John Mosher of The New Yorker wrote that "Fred Astaire bobs at his best ... I don't think he's done any better stepping anywhere then he does in this picture, and trim little Ginger Rogers keeps up with him all the time." They were enough, Mosher wrote, to overcome the film's excessive length and a plot that lacked "any of the lightness of the Astaire feet."

Writing for The Spectator in 1936, Graham Greene gave the film a mildly good review, describing it as Fred Astaire's "the best since Gay Divorce". Comparing the acting of Astaire to the animated character Mickey Mouse, Greene suggests that the two are alike in "break[ing] the laws of nature". However, Greene draws the line at comparing Ginger Rogers to Minnie. Greene also denounced the bleep censorship introduced by the British Board of Film Censors in removing the word "Satan" from the Hilliard song "Get Thee Behind Me Satan".

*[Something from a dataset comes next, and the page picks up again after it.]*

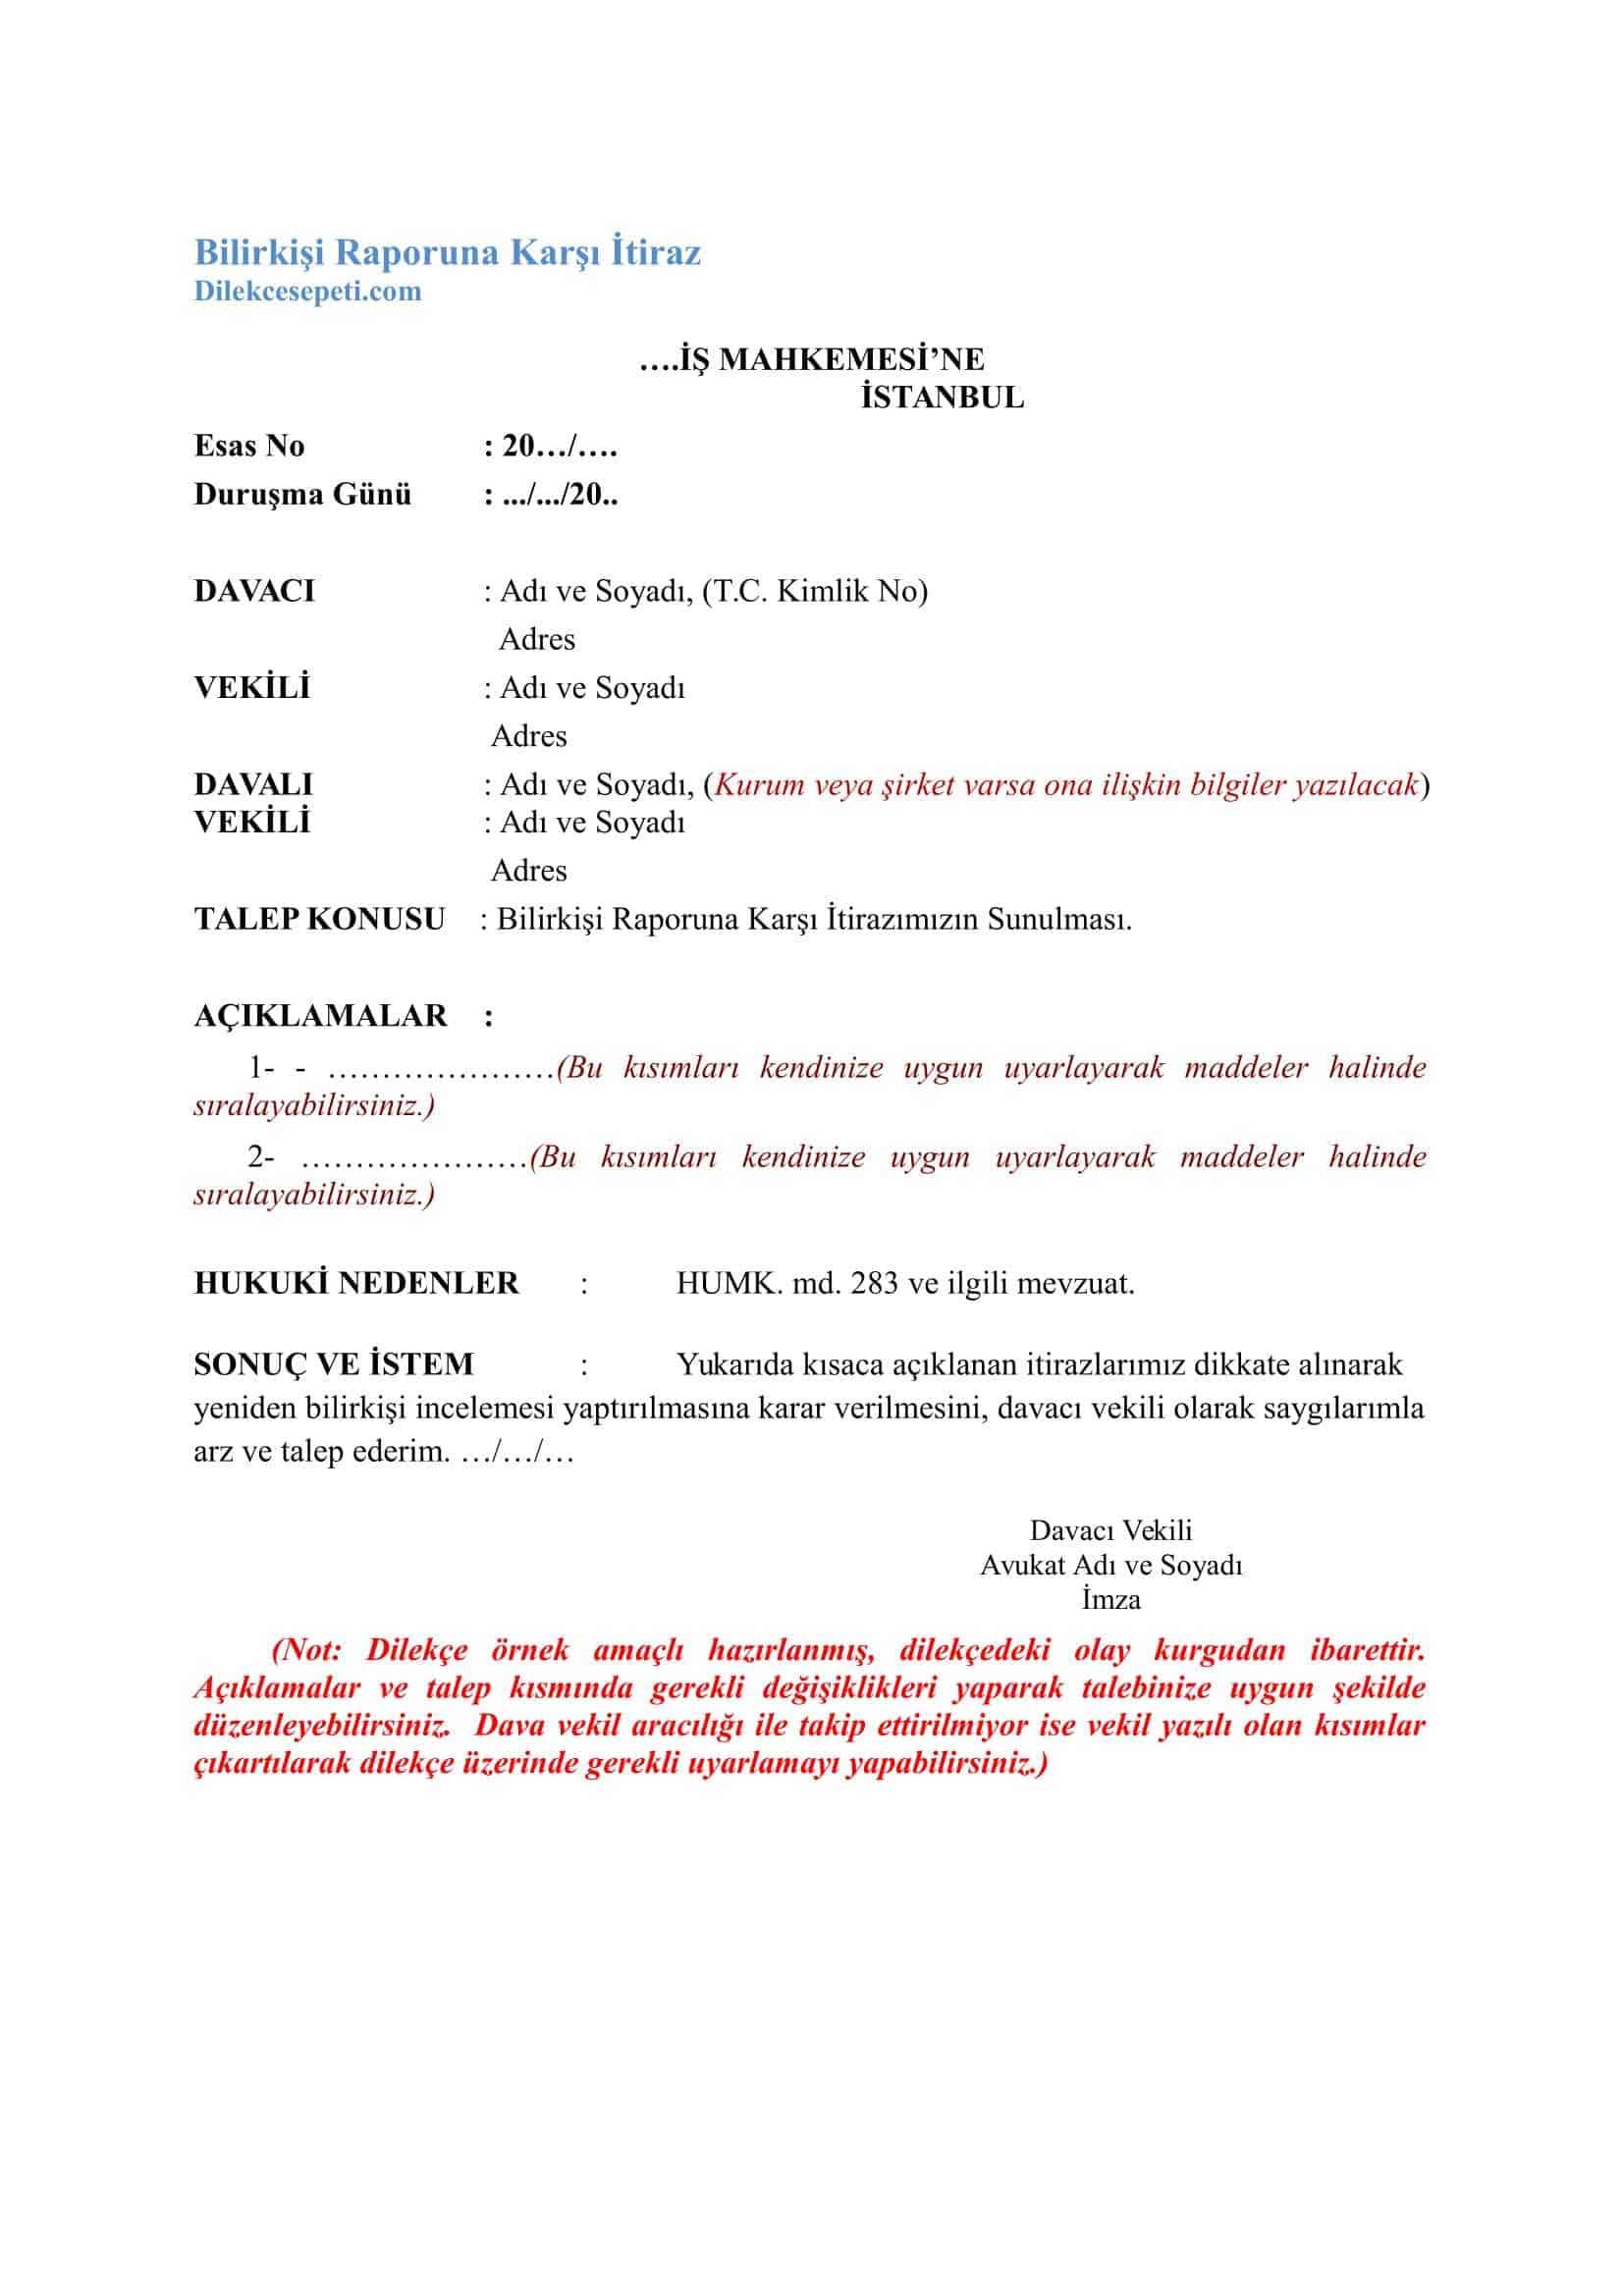 Bilirkişi raporuna itiraz dilekçesi iş mahkemesi için

Dance commentators Arlene Croce and John Mueller point out that, aside from the obvious weakness, a discursive and overlong plot lacking quality specialist comedians, the film contains some of the Astaire-Rogers partnership's most prized duets, not least the iconic "Let's Face the Music and Dance". According to Arlene Croce: "One reason the numbers in Follow the Fleet are as great as they are is that Rogers had improved remarkably as a dancer. Under Astaire's coaching she had developed extraordinary range, and the numbers in the film are designed to show it off." That this film's remarkable score was produced immediately after his smash-hit score for Top Hat is perhaps testimony to Berlin's claim that Astaire's abilities inspired him to deliver some of his finest work. As an actor, however, Astaire makes an unconvincing attempt at shedding the wealthy man-about-town image by donning a sailor's uniform, while Rogers, in this her fifth pairing with Astaire, brings her usual comedic and dramatic flair to bear on her role as a nightclub entertainer.

The film is recognized by American Film Institute in these lists:
- 2006: AFI's Greatest Movie Musicals – Nominated

==Box office==
The film earned $1,532,000 in the US and Canada and $1,175,000 elsewhere making a profit of $945,000. This was slightly down on that for Top Hat but was still among RKO's most popular movies of the decade.

It was the 14th most popular film at the British box office in 1935–1936.